Climat : la Terre proche de plusieurs points de bascule
Dégel du pergélisol, mort des récifs coralliens... Selon une nouvelle étude parue le 8 septembre dernier dans la revue "Science", la Terre est proche d'atteindre plusieurs points de bascule dans les prochaines années.
La très sérieuse revue "Science" a publié le 8 septembre dernier un article de David Armstrong McKay et Tim Lenton, tous deux chercheurs à l’université d’Exeter au Royaume-Uni. Ces derniers indiquent qu'avec un réchauffement planétaire de +1.5°C, comme cela semble se dessiner, au moins cinq points de bascule climatique risquent de se produire. Explications.
Des points de bascule déjà enclenchés ?
Les points de bascule climatique ("tipping point" en anglais) sont une source de préoccupation scientifique, politique et publique croissante. Ils traduisent des conditions au-delà desquelles les changements dans une partie du système climatique deviennent irréversibles et irrémédiables, avec des conséquences majeures sur la société humaine et les écosystèmes.
A ce jour, le Groupe d'experts intergouvernemental sur le climat (GIEC) reconnaît neuf points de bascule climatique. Dans l'étude scientifique publiée début septembre, les deux chercheurs britanniques listent seize points de bascule à travers le monde, et s'efforcent de fixer des seuils de température à partir desquels ces basculements deviennent probables.

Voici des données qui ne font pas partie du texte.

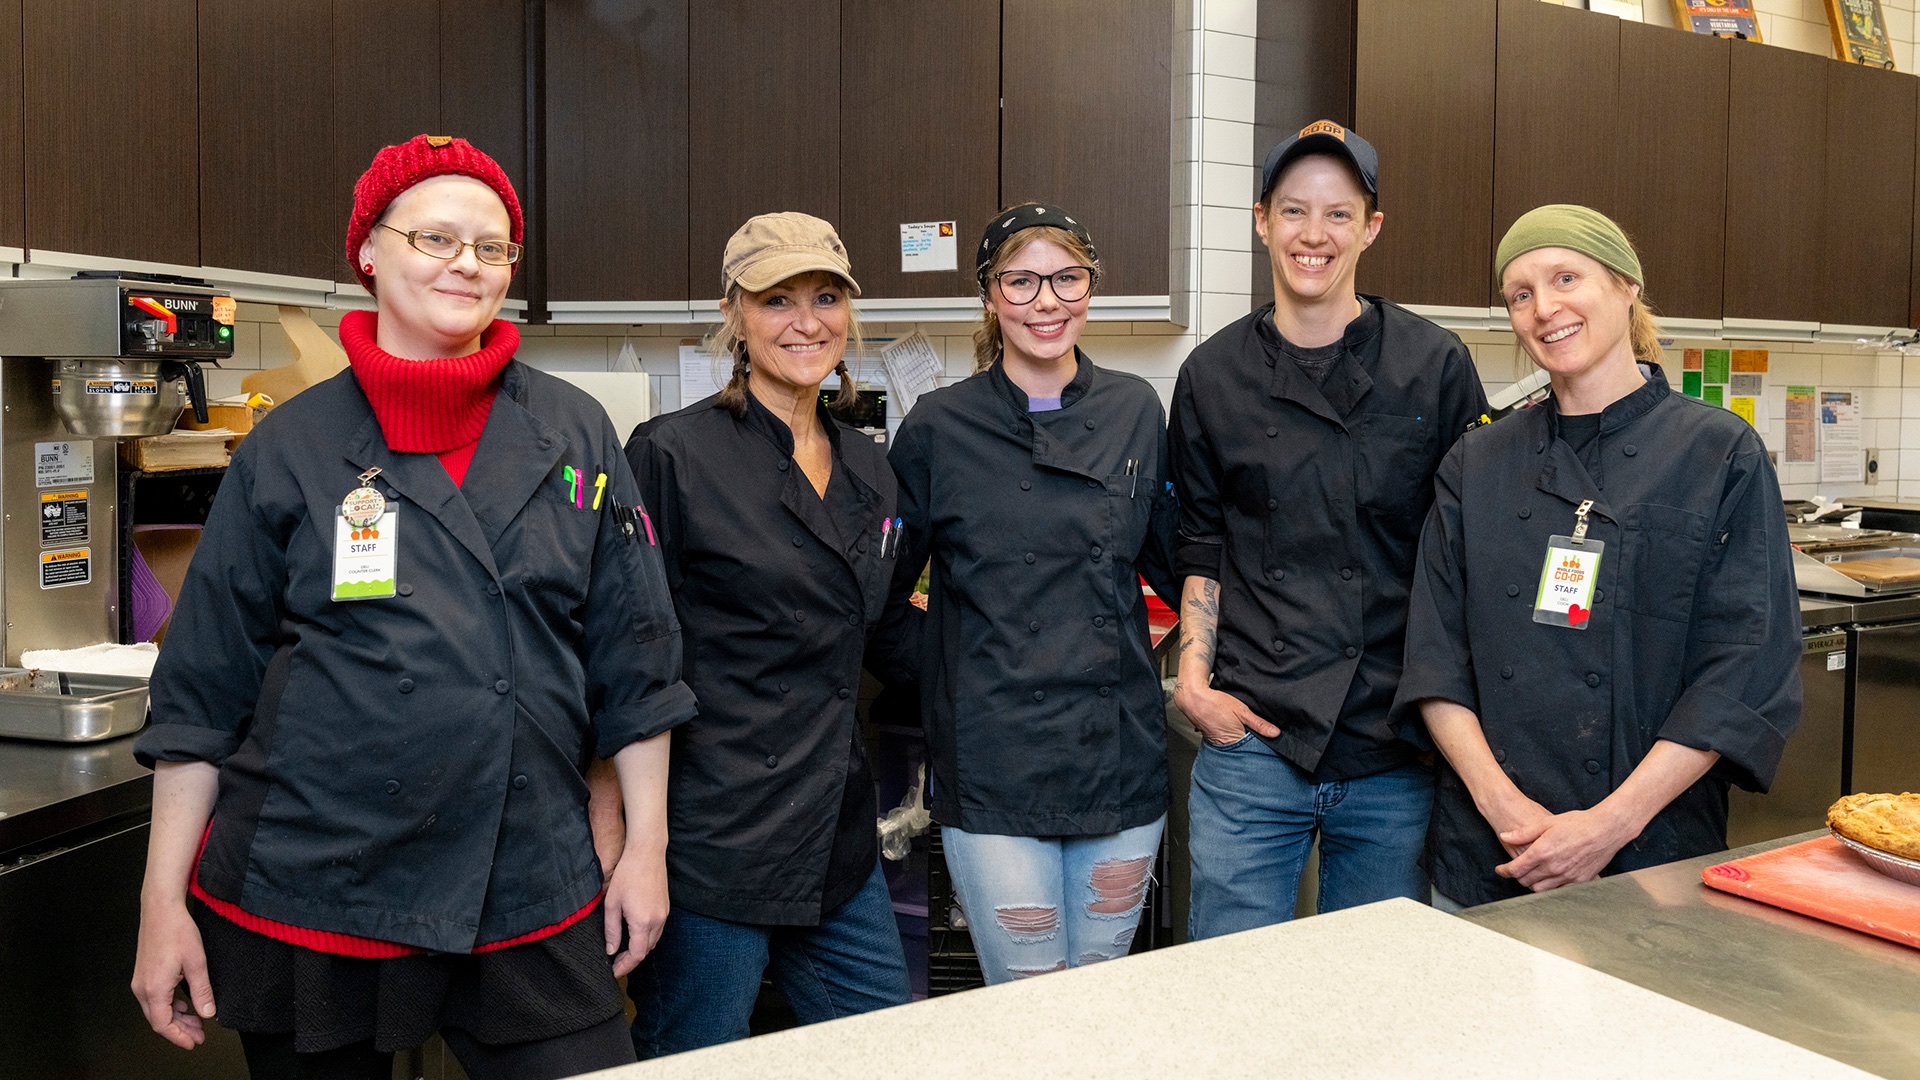 Five people wearing black chef uniforms and different colored hats stand together in a kitchen. They are smiling and standing in a relaxed, casual manner. Various kitchen equipment and utensils can be seen in the background.

Selon eux, au-delà d'un réchauffement de +1,5°C par rapport à l’ère préindustrielle (objectif fixé par l’accord de Paris en 2015), les points de bascule risquent de se multiplier. Or, avec les émissions actuelles de gaz à effet de serre, le monde se rapproche rapidement de ce seuil (+1,1°C aujourd'hui) et il est assez probable qu'avec l'inertie du système climatique, plusieurs points de bascule soient déjà enclenchés.
"Une action urgente en faveur du climat"
Toujours selon cette étude, au moins cinq points de bascule devraient être atteints d'ici peu de temps :
- la fonte de la calotte glaciaire du Groenland,
- la fonte de la calotte glaciaire de l'Antarctique occidental,
- la disparition des récifs coralliens des mers chaudes,
- le dégel du pergélisol (sols gelés en permanence),
- l'interruption du courant du Labrador (élément important de la circulation océanique dans l’Atlantique Nord).
D'autres points de bascule pourraient se produire en cas de réchauffement contenu entre +2 et +4°C, comme le dépérissement de la forêt amazonienne ou la perte des glaciers de montagne. Au-delà de +4°C, le Gulf Stream pourrait s'interrompre et l'ensemble des glaces arctiques hivernales pourraient disparaître.
Des incertitudes persistent sur les points de bascule, notamment sur l'échelle de temps (la disparition des glaciers de montagne pourrait prendre entre 50 et 1000 ans) mais malgré tout, les connaissances des scientifiques sont désormais suffisamment solides grâce aux avancées de la paléoclimatologie, à la précision des observations actuelles et aux perfectionnements des modèles du climat.
L'étude vise surtout à fournir des éléments tangibles et sérieux qu'une action urgente en faveur du climat est nécessaire. Même en cas de respect des Accords de Paris, plusieurs points de basculement pourraient tout de même être franchis. Si tous les engagements et les contributions déterminées à l'échelle nationale sont mis en œuvre, cela réduirait les risques d'étendre la liste des points de basculement atteints.